When the Review-Journal editorially criticized the state party, we got several dozen e-mails, most like this from a Californian: "Fox News is an agenda-driven operation more adapt at cheap shots than news gathering. For Fox to host the Democrats would be like holding a convention of postal workers in a dog pound."

Next came the thousands of e-mails from all over the country to editorial page editors demanding that they stop publishing the columns of conservative bombastician Ann Coulter after she quipped at a political conference, "I was going to have a few comments on the other Democratic presidential candidate John Edwards, but it turns out you have to go into rehab if you use the word faggot, so I -- so kind of an impasse, can't really talk about Edwards."

A number of newspapers, promptly complied, though she had never used such language in her column. The Review-Journal continues to publish Coulter.

People let us know they did not like Coulter's slurs and did so with a few of their own.

Another Californian offered, "Please drop Ann Coulter, a buffoon and proponent of hatred ... You should stop publishing ravings of psychosexual neurotics by calling them opinions. It is truly shameful to do so, like calling smut art. Your readers know it when they see it."

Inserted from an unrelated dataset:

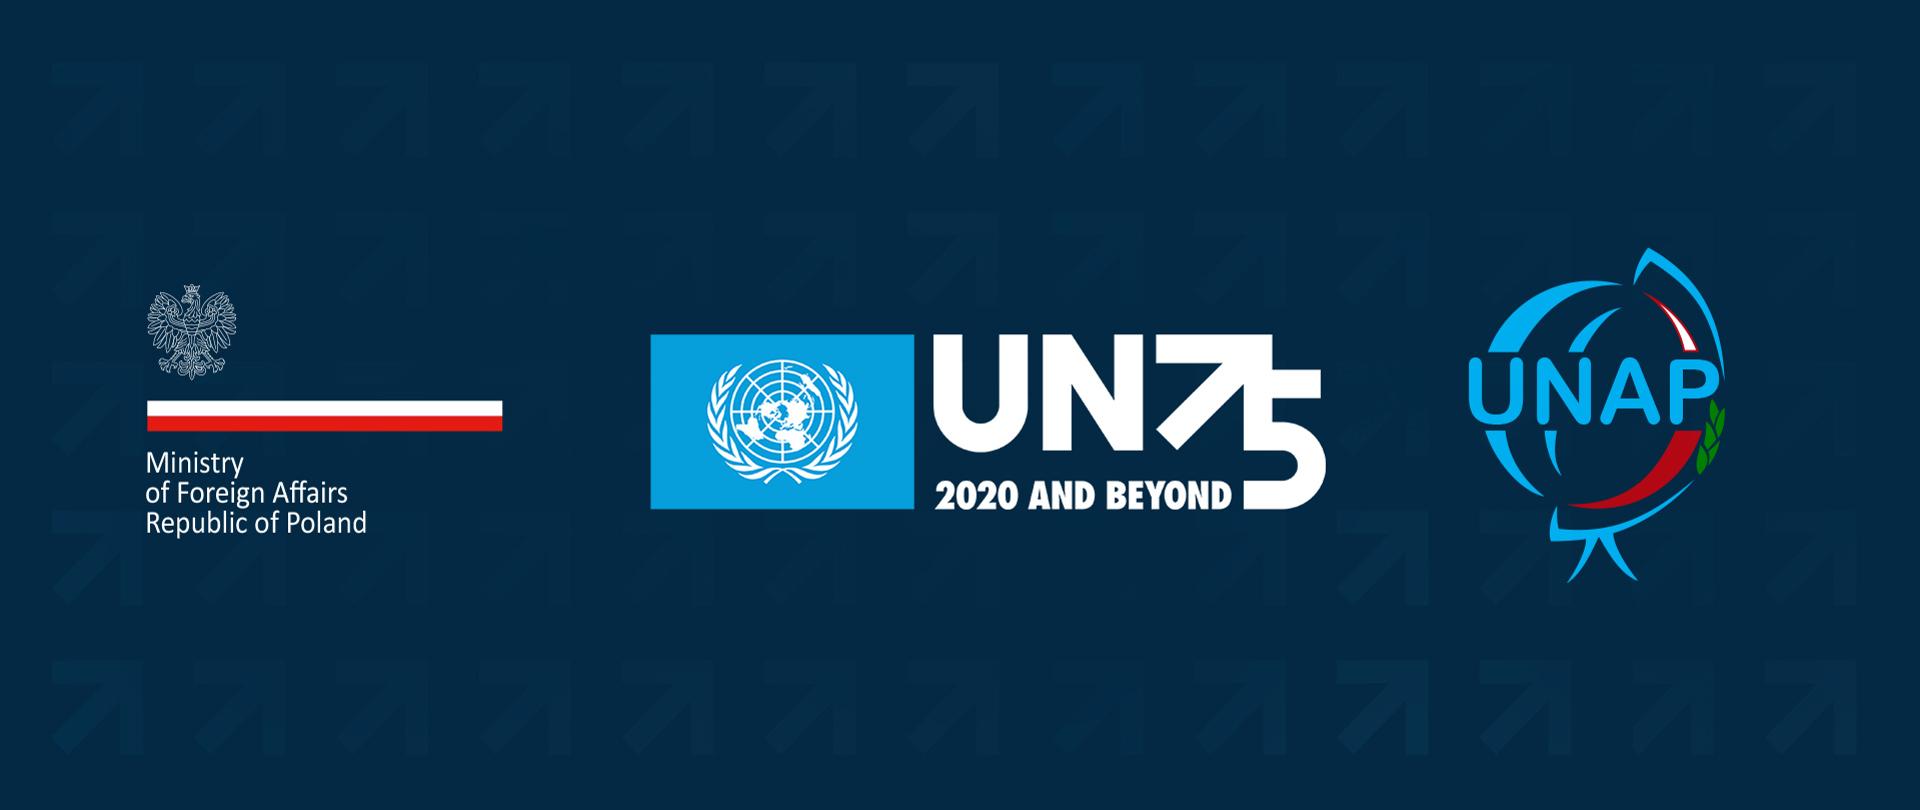 UN Week – 75 Anniversary of the United Nations - Logo

At least radical lefty Ted Rall, whose editorial cartoons and occasionally a column appear on the op-ed pages of this newspaper, weighed in with support for Coulter. As well he should, because he himself has been the target of boycott demands.

"As a fervent proponent of the First Amendment and an opinion monger who relies upon the right to free expression to earn a living, however, I must set aside my personal resentment -- and I ask you to do the same," Rall wrote.

But perhaps the best response came from a Las Vegas Army officer who said he despises Coulter but reads her columns and analyzes her claims.

"I have given the devil consideration, and dismissed her on the lack of merit in her claim rather than the lack of agreement with my own personal viewpoint," Ryan Jean wrote in a letter published Saturday. "Ann Coulter must be allowed to speak, even if it is worthless, because the First Amendment to that cherished document protects her right to do so. The real test of this right isn't what we do to the speech we agree with, but what we do with the speech we don't. If you want to secure liberty, this is fundamental."

And finally, when Review-Journal columnist Erin Neff suggested that Gov. Jim Gibbons' legal entanglements had mounted to the point that he should resign, we promptly received a letter declaring, "I've read enough, it's time for Erin Neff to go!"

I wonder if these people ever stop to consider that their demands to silence those with whom they disagree is in the same vein, differing only by degrees, as the demands of Muslims that Muhammad never be depicted and that the cartoonists who did so for a Danish newspaper be put to death.

As for this newspaper, we will not cower just because a few brats throw a tantrum.

I'm not saying that people should not call for bans on speakers and writers, that would be a tad hypocritical. Calling for a ban on bans, so to speak. But I will suggest that the civilized thing to do is to curb the animal instinct and answer speech we abhor with countervailing and superior speech, rather than boycotts or violence.